Repeat the data exactly, leaving out any image.
Data shown: Begin
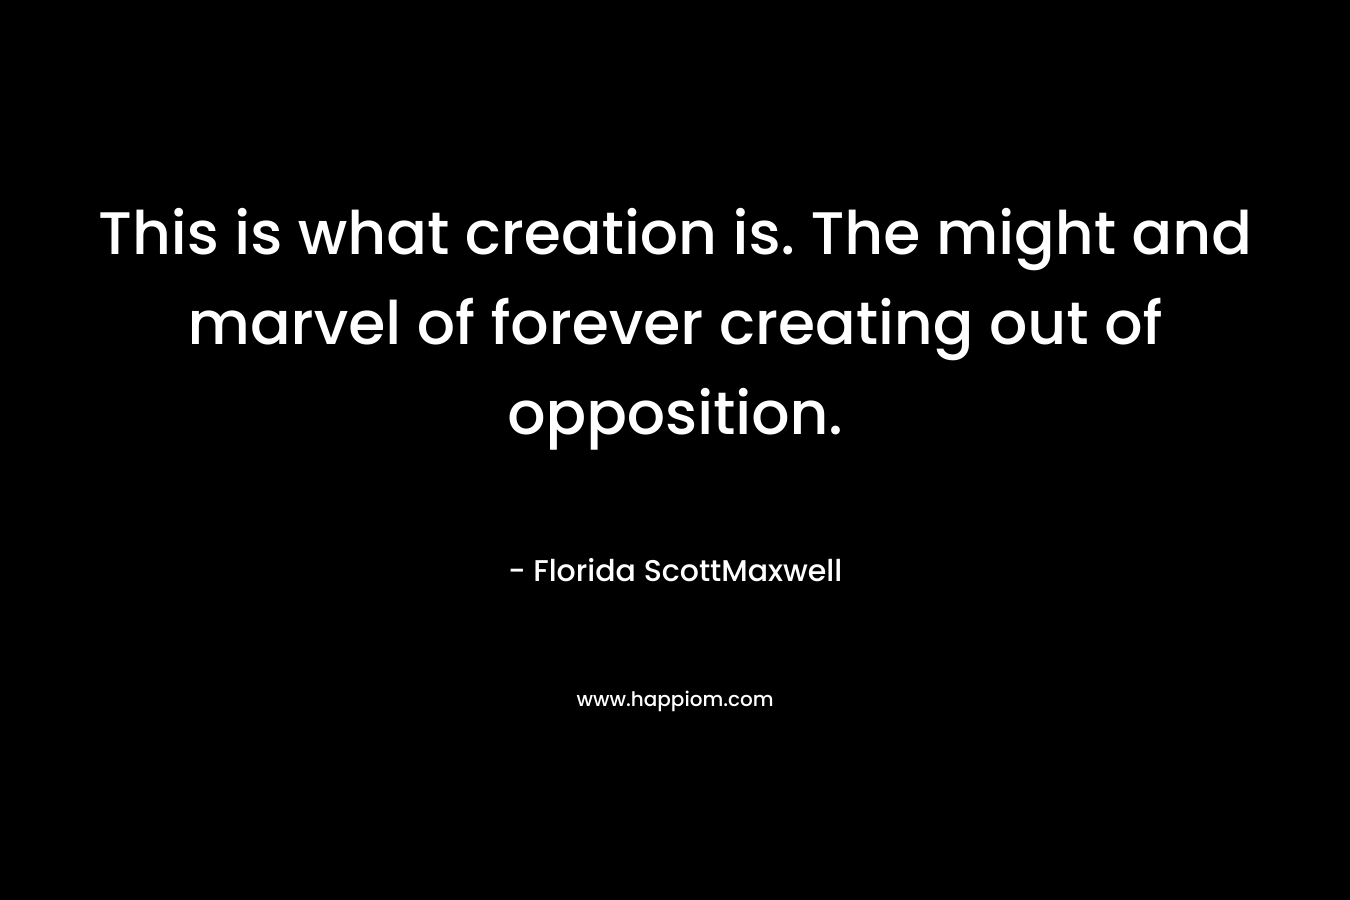 This is what creation is. The might and marvel of forever creating out of opposition. – Florida ScottMaxwell
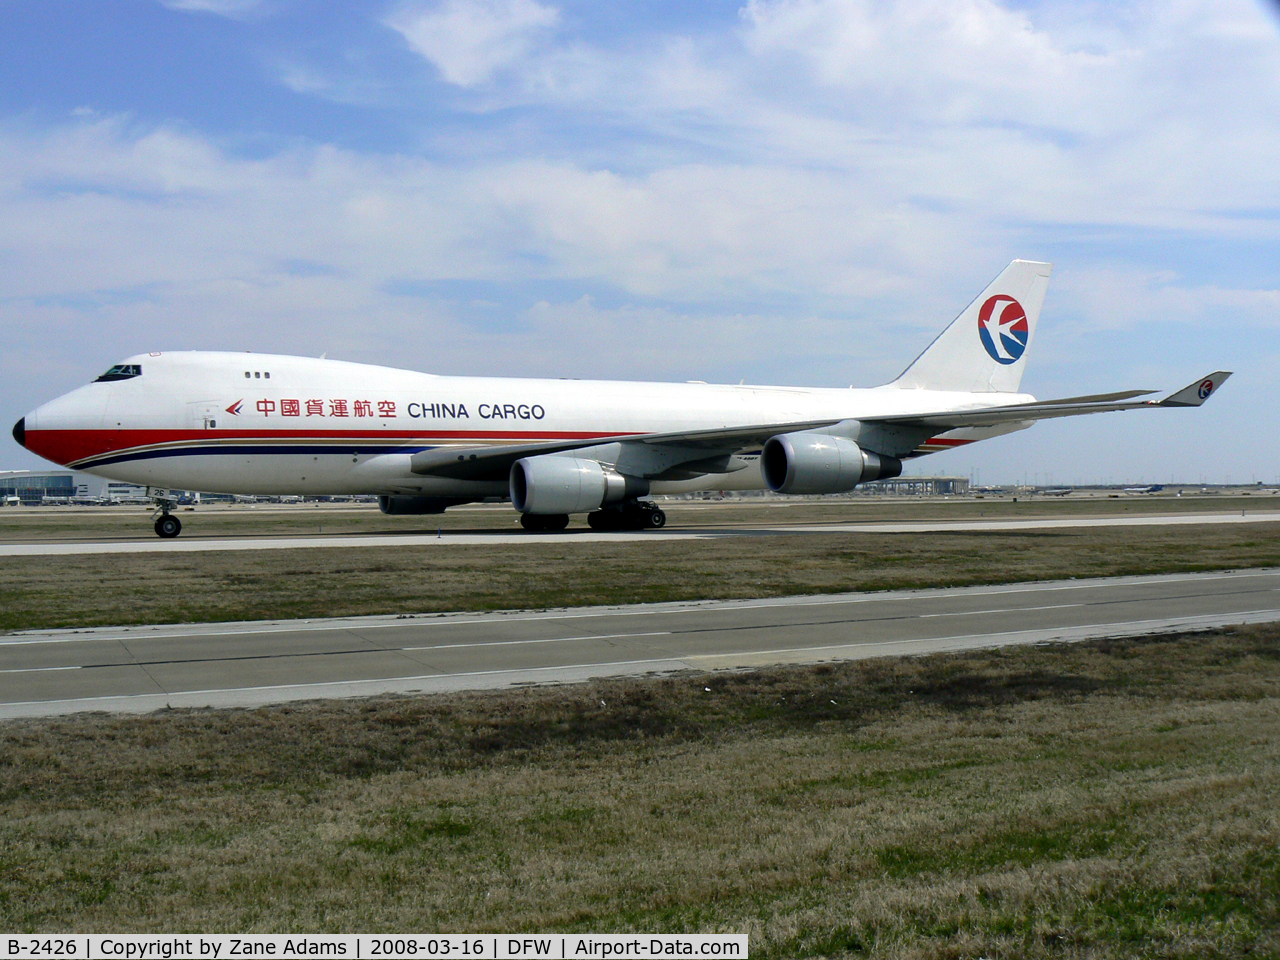 B-2426, 2007 Boeing 747-40BF/ER/SCD C/N 35208/1392, China Cargo on the taxiway at DFW
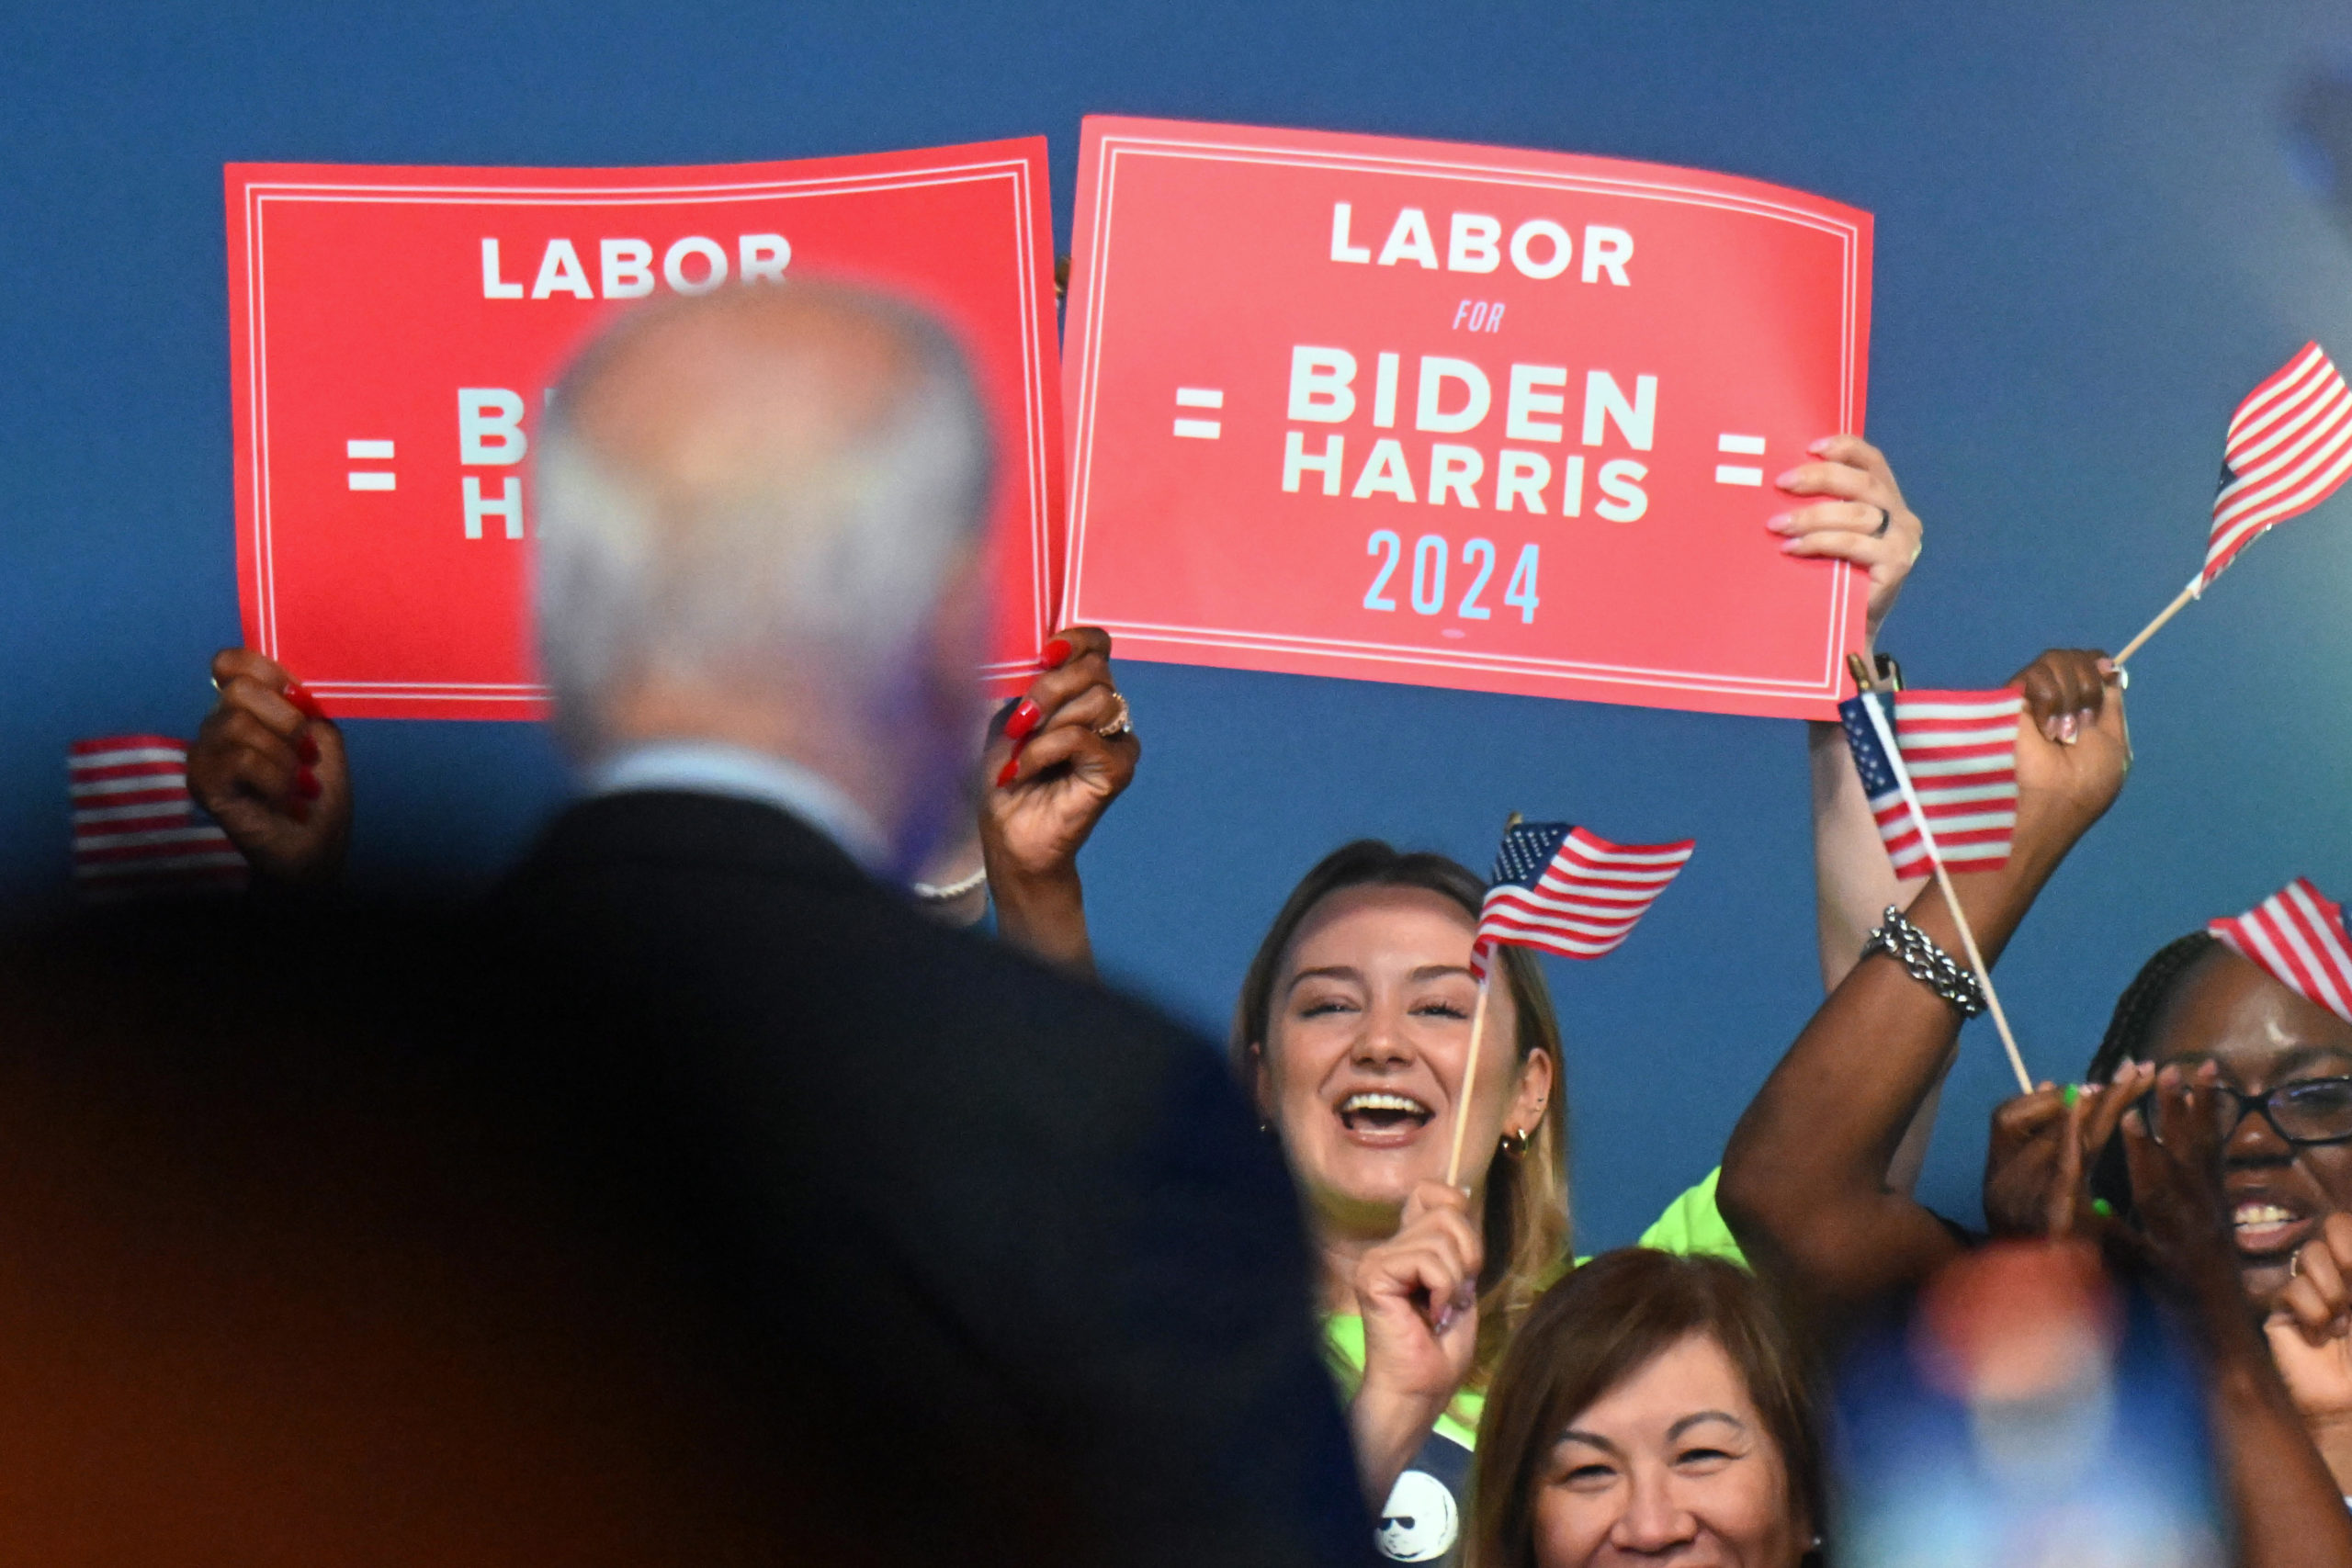 Supporters cheer as U.S. President Joe Biden addresses union workers on June 17, 2023 in Philadelphia, Pennsylvania. The labor rally highlights workers and the issues that motivate them to take action in advance of the 2024 election. (Photo by Mark Makela/Getty Images)
Data shown: End
* **Solution for this problem**:
 This is what creation is. The might and marvel of forever creating out of opposition. – Florida ScottMaxwell
 B-2426, 2007 Boeing 747-40BF/ER/SCD C/N 35208/1392, China Cargo on the taxiway at DFW
 Supporters cheer as U.S. President Joe Biden addresses union workers on June 17, 2023 in Philadelphia, Pennsylvania. The labor rally highlights workers and the issues that motivate them to take action in advance of the 2024 election. (Photo by Mark Makela/Getty Images)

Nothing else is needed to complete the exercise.